Obviously that was before I did Unit Testing in PHP. :)
User avatar
Ambush Commander
DevNet Master
Posts: 3698
Joined: Mon Oct 25, 2004 9:29 pm
Location: New Jersey, US

Post by Ambush Commander »

Replace for the printable, but remove for the non-printable.
Okay, the specific SGML exclusions work out nicely since they're all non-printable. Well, make an exception for 9 (tab), 10 (line feed) and 13 (carriage return).

Bytes higher than 159 might be troublesome, since they may be valid or invalid UTF-8 depending on context, but as long as I use iconv, mbstring, some utf8 validator function, or DOM (which seems to handle those gracefully), I think I'll be okay.

I hope.

:-/
User avatar
feyd
Neighborhood Spidermoddy
Posts: 31559
Joined: Mon Mar 29, 2004 3:24 pm
Location: Bothell, Washington, USA

Post by feyd »

Taking the function in my linked post, one could reverse it to convert UTF-8 characters into HTML entitiy forms. I don't know how difficult that would be considering it's been a while since I have even looked at the code there, but it may be something to consider.
User avatar
Ambush Commander
DevNet Master
Posts: 3698
Joined: Mon Oct 25, 2004 9:29 pm
Location: New Jersey, US

Post by Ambush Commander »

Well, the idea is to output as much as possible in pure UTF-8, skimping on the numeric entities.
User avatar
feyd
Neighborhood Spidermoddy
Posts: 31559
Joined: Mon Mar 29, 2004 3:24 pm
Location: Bothell, Washington, USA

Post by feyd »

Ambush Commander wrote:Well, the idea is to output as much as possible in pure UTF-8, skimping on the numeric entities.
Hmm, what about taking the utf8 back to entity (i.e. interger) deciding from there whether to keep it or throw it? I haven't taken the time to dive through mbstring and iconv enough to know if there's a function that can perform that already.
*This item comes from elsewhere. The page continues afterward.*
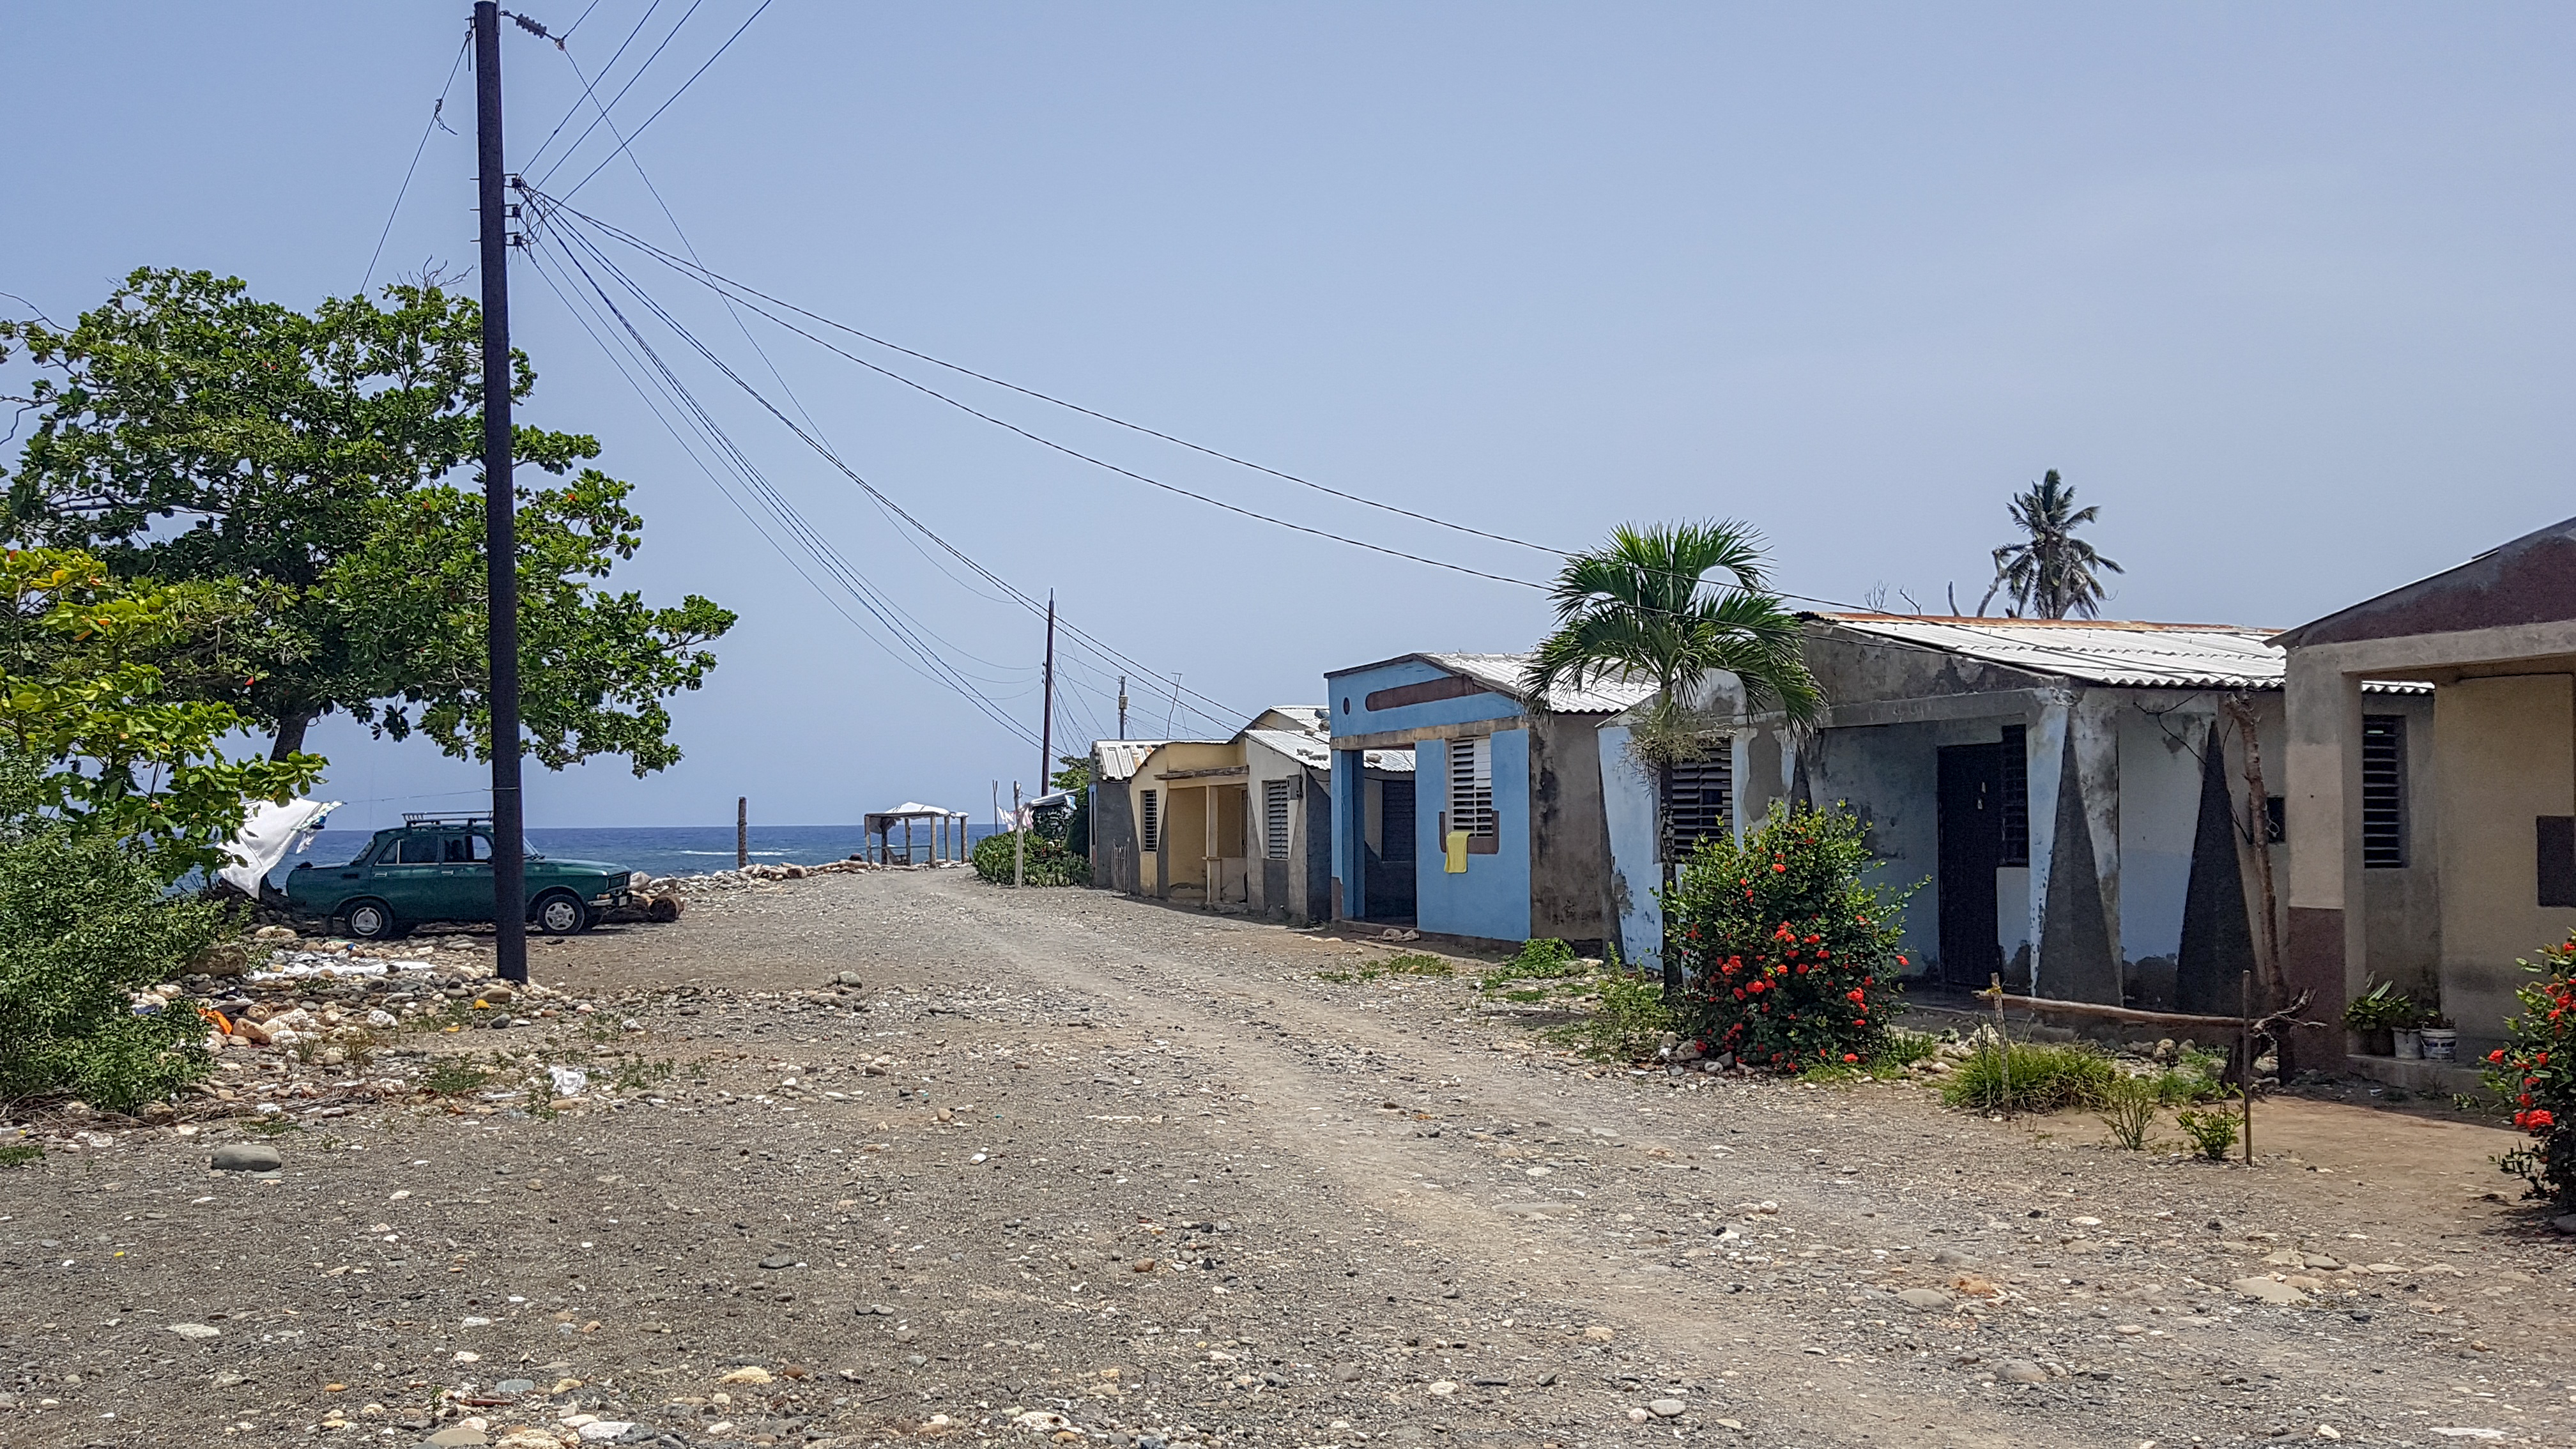 Boca de Yumuri, Baracoa, Cuba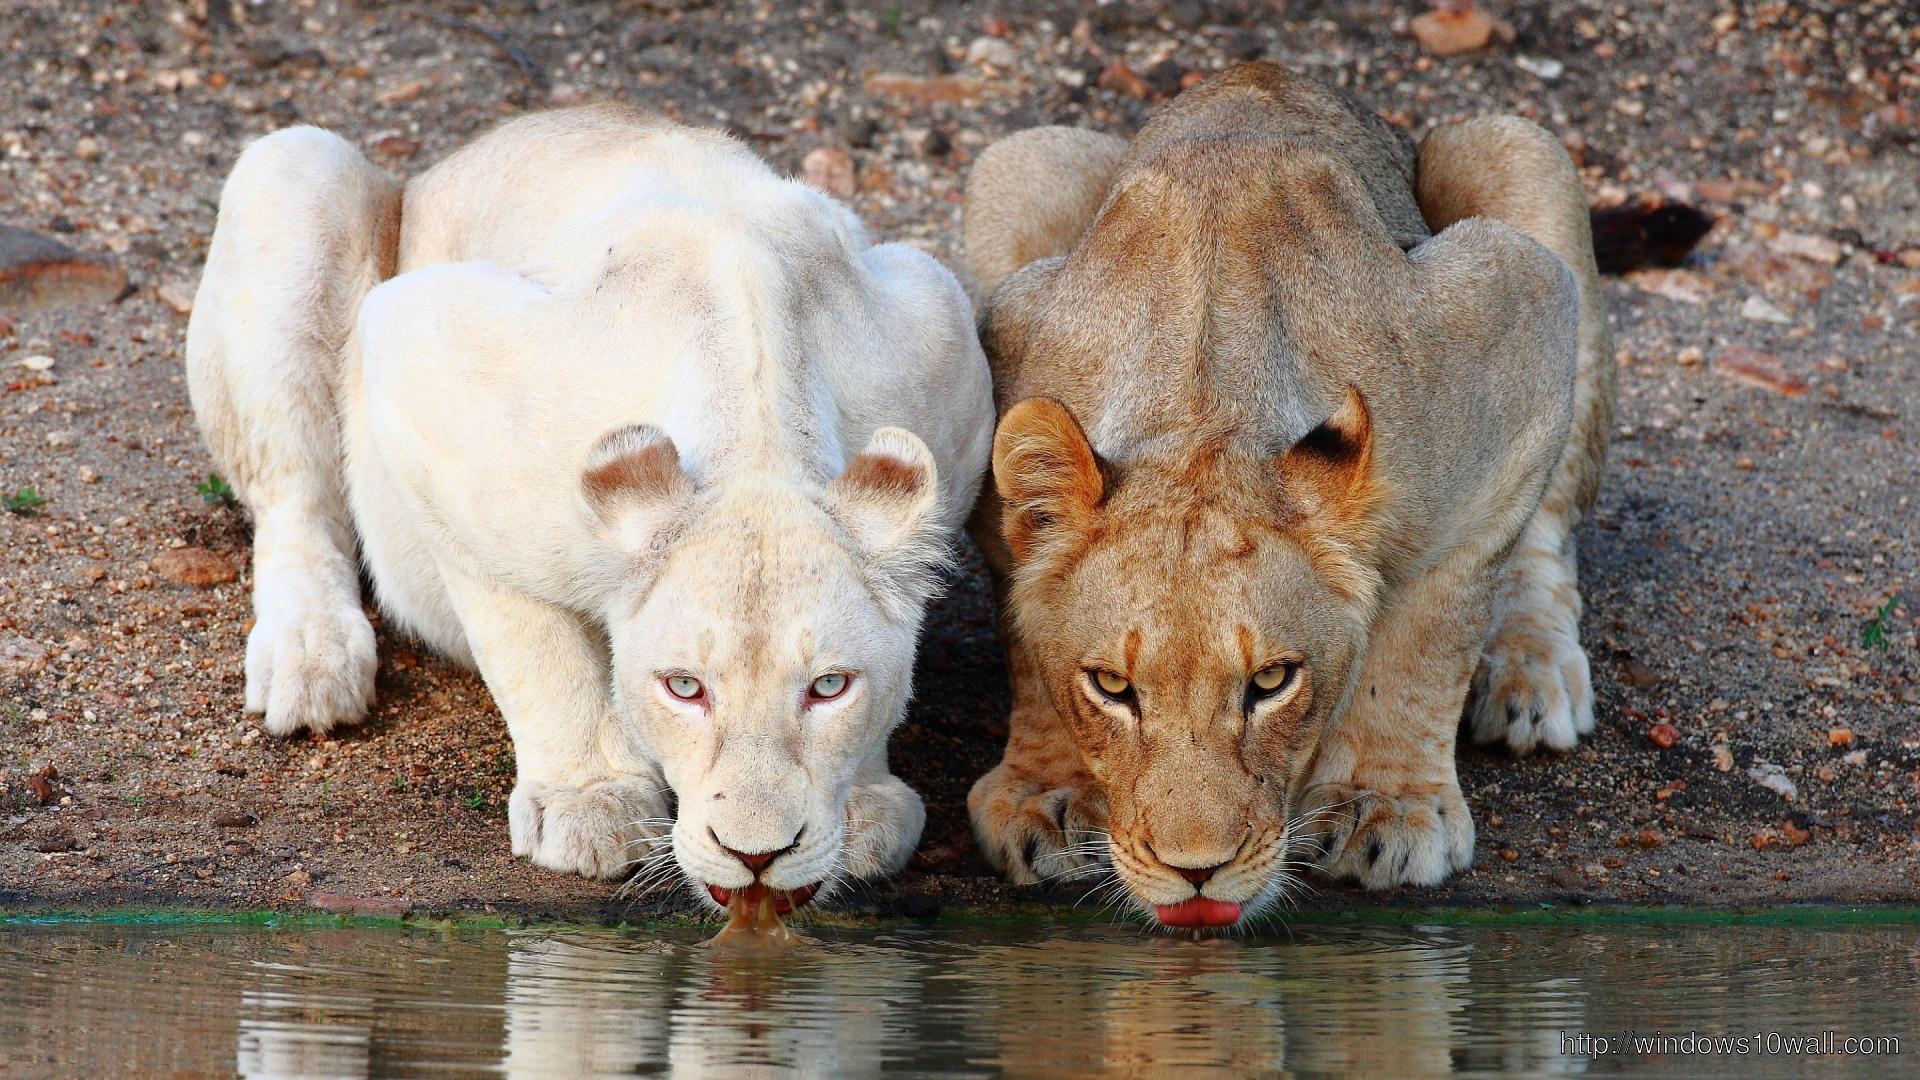 Popular Wallpaper Lion Facebook - lions-drinking-water-wallpaper  Picture_99335.jpg

Hmm, something to definitely think about while I'm trying to build more (unrelated) tests.
User avatar
Ambush Commander
DevNet Master
Posts: 3698
Joined: Mon Oct 25, 2004 9:29 pm
Location: New Jersey, US

Post by Ambush Commander »

Hmm, what about taking the utf8 back to entity (i.e. interger) deciding from there whether to keep it or throw it? I haven't taken the time to dive through mbstring and iconv enough to know if there's a function that can perform that already.
That's precisely what many Unicode compatibility libraries do. Convert a string into an array of integers. Of course, it sounds and probably is slow, so if I can get iconv or mbstring to make it well-formed first, that would be delightful.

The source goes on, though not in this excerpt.